Les Grecques sont bonnes pour disputer les qualifs pour le prochain Euro, elles regarderont les JO à la télé…
Peut-être que ça leur laissera le temps de travailler pour entrer des paniers depuis le côté droit du terrain…

La feuille de stats rendue par Sandrine Gruda lui veut d’être reçue avec mention : 19 points (7/14), 8 rebonds et 8 fautes provoquées.
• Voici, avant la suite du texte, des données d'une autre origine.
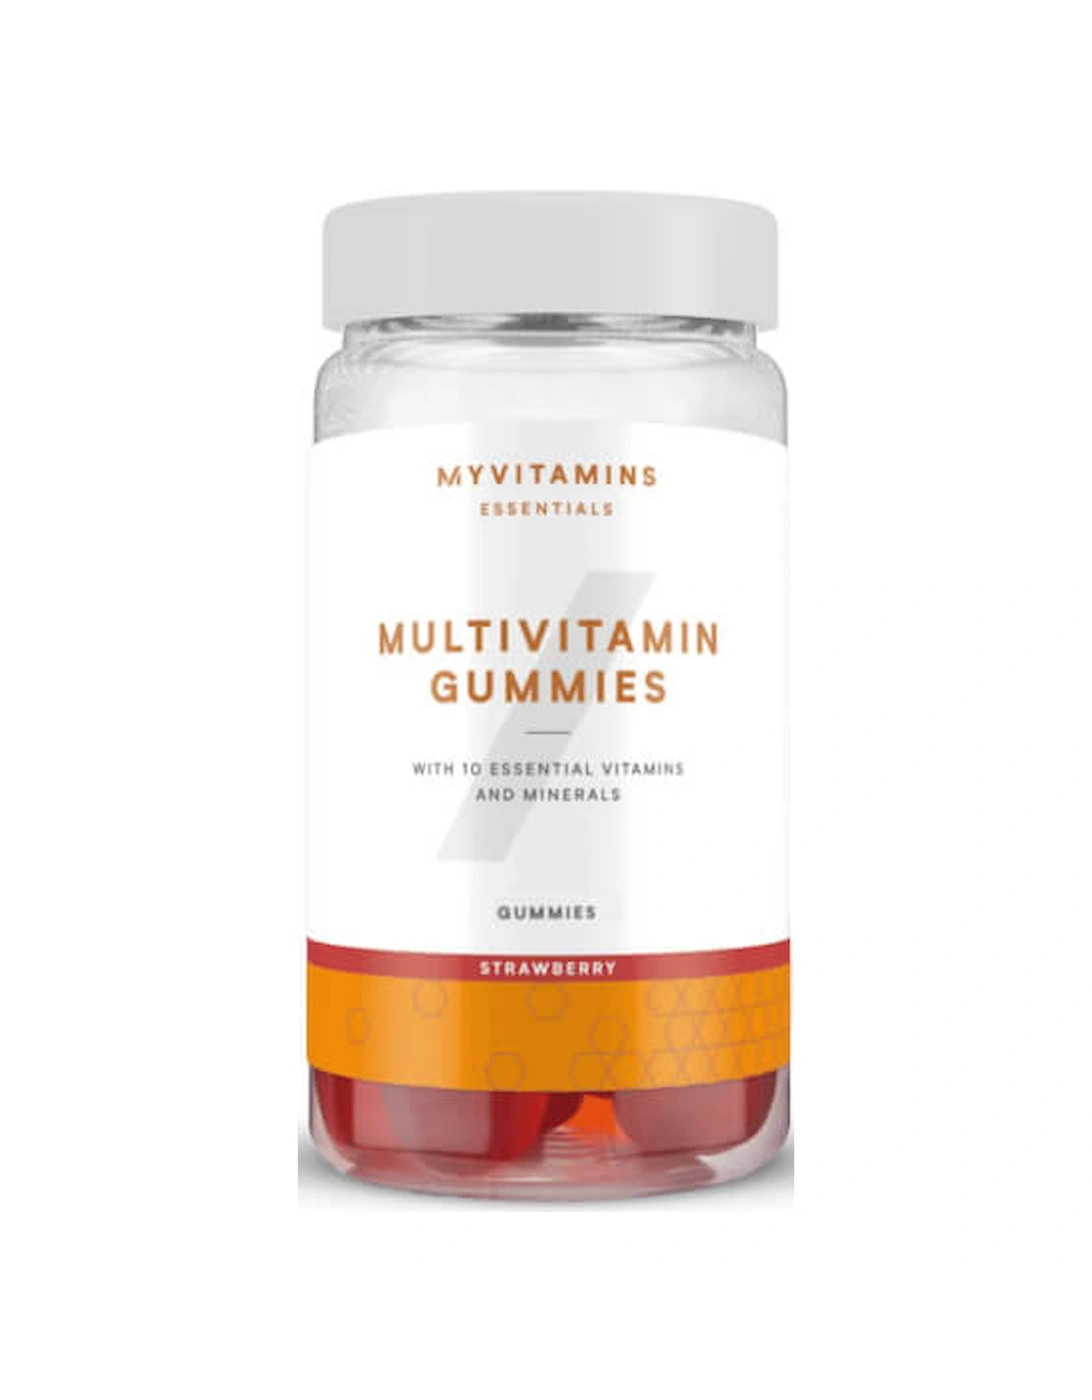 Multivitamin Gummies, Strawberry, 30 Gummies - Myvitamins, 2 of 1
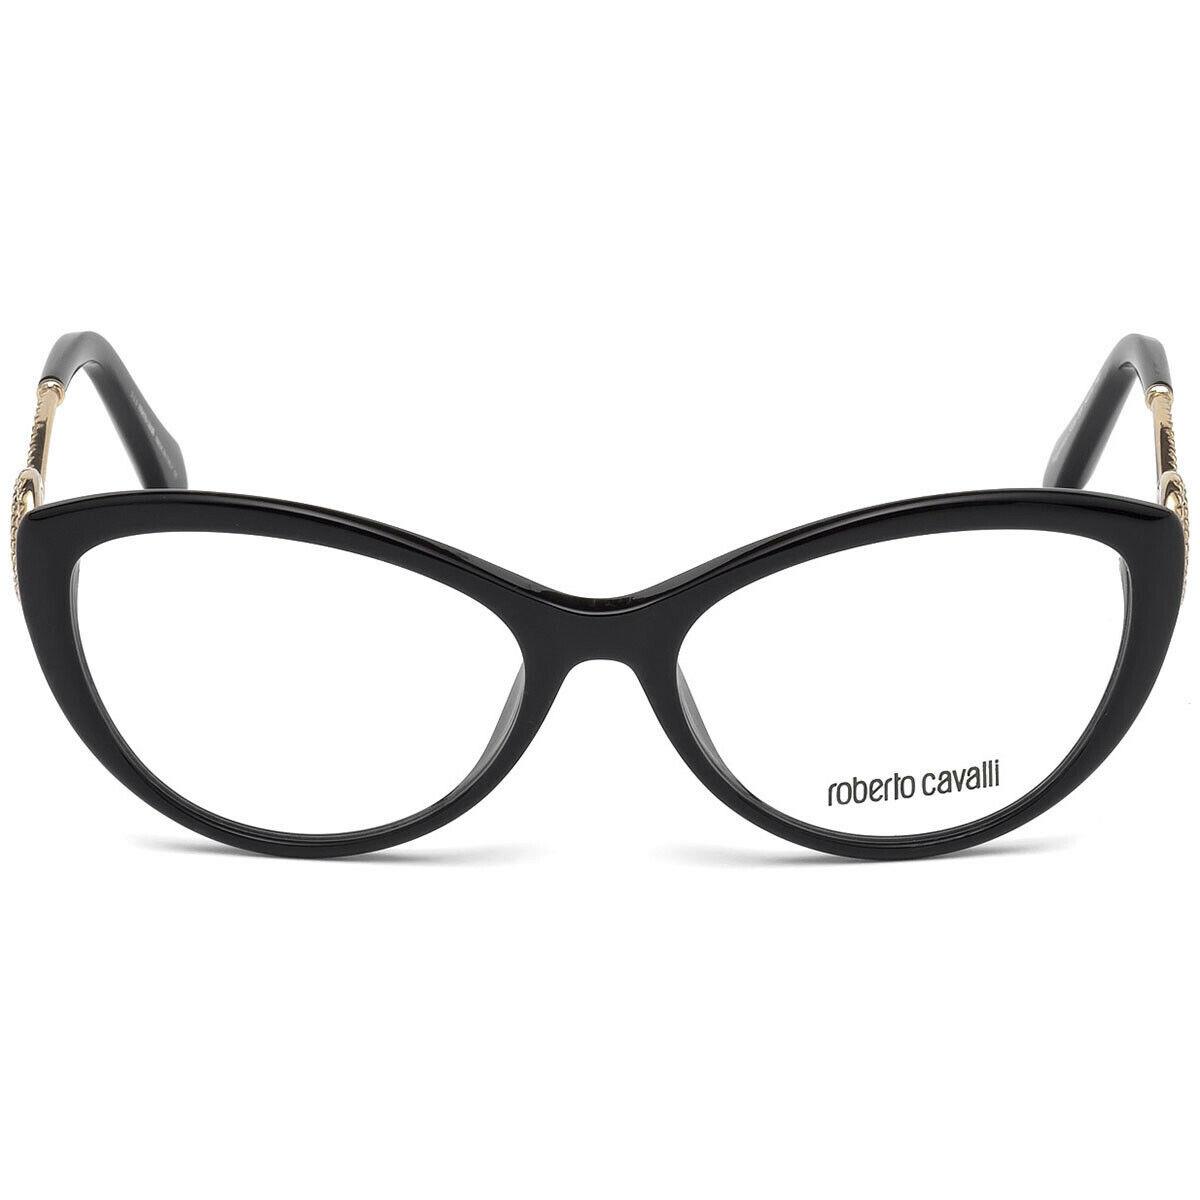 Roberto Cavalli Argentario RC 5009 Black 001 Eyeglasses Frame 54-16-140 Cat Eye - Black 001, Frame: Black 001, Lens:

La prestation d’ensemble des Bleues a été correcte, elles ont dominé dans leur secteur fort, le rebond (39-28), n’ont pas été très adroite (21/52) sauf aux LF (19/24 c’est bien). On remarque que si cette fois toutes n’ont pas joué (Laborde n’est pas entrée, Yacoubou presque pas), beaucoup ont apporté, le temps de jeu a été encore très réparti par Pierre Vincent (Sandrine a joué 35 minutes, Gomis 28, les autres au maximum 23 minutes). Les points sont venus de Gomis (10), Digbeu et Miyem (8, toutes les 2 très efficaces), Beikes et Dumerc (6), les rebonds de tout le monde (11 joueuses en ont pris au moins 1, mention spéciale à Beikes et ses 6 prises, elle a aussi fait 3 passes).

L’essentiel est assuré, la qualification pour le 2e tour avec une victoire et une défaite (et même une énorme différence de points en notre faveur en cas d’égalité à 3 avec la Croatie[3] et une différence de seulement -3 avec la Lettonie qui en cas d’égalité de points à 3 avec la Lettonie[4]).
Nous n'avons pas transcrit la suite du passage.